— DATA SHOWN —

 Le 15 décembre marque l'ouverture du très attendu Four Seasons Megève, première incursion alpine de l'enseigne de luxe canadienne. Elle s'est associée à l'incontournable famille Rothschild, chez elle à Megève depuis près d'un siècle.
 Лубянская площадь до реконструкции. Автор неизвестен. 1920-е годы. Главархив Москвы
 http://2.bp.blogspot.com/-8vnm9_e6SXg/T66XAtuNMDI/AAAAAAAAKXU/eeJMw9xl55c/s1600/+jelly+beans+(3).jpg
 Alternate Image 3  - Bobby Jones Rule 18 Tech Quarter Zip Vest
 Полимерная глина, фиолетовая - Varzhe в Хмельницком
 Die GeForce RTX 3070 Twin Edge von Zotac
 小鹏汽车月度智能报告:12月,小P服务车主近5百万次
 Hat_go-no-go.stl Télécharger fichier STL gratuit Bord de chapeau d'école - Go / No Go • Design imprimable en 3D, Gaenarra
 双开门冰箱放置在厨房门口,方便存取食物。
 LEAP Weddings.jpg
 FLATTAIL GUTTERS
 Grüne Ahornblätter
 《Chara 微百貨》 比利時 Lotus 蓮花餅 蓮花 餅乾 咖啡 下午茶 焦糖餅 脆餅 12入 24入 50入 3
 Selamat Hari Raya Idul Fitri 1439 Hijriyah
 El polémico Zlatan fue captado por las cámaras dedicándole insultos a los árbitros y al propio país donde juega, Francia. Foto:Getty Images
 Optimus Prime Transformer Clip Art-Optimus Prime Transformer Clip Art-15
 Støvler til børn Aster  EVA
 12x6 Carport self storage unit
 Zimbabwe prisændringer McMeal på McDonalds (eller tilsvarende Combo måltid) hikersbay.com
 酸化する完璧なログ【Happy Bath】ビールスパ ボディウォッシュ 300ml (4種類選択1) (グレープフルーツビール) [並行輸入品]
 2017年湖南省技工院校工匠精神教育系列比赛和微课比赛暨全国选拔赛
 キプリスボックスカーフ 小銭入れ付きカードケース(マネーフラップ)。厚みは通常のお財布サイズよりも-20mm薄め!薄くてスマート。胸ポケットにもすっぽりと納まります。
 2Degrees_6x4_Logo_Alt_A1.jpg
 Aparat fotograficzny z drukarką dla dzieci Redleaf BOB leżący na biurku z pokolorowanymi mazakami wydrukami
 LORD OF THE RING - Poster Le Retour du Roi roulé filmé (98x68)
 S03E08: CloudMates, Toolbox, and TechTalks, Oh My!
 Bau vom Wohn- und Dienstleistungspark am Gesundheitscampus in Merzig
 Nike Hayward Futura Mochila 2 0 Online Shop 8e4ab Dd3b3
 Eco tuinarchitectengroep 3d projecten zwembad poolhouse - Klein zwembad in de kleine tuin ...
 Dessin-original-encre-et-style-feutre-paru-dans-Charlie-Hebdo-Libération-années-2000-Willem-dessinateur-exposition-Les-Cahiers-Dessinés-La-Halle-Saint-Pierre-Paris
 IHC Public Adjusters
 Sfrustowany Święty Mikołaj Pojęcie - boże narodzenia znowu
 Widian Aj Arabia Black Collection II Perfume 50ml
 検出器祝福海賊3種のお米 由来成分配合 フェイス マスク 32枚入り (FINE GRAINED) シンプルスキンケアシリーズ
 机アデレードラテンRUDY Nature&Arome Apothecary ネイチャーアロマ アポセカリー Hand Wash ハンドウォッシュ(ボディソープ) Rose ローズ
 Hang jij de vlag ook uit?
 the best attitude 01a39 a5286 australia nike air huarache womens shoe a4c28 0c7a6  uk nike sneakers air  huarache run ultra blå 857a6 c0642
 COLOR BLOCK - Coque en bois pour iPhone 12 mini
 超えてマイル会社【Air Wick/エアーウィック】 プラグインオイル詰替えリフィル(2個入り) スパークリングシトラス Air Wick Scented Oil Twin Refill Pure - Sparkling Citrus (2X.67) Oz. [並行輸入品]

— EXERCISE DESCRIPTION —
Count up the lines in the material above that contain the string "並行輸入品", then state that figure alone.

— ANSWER BOX —
2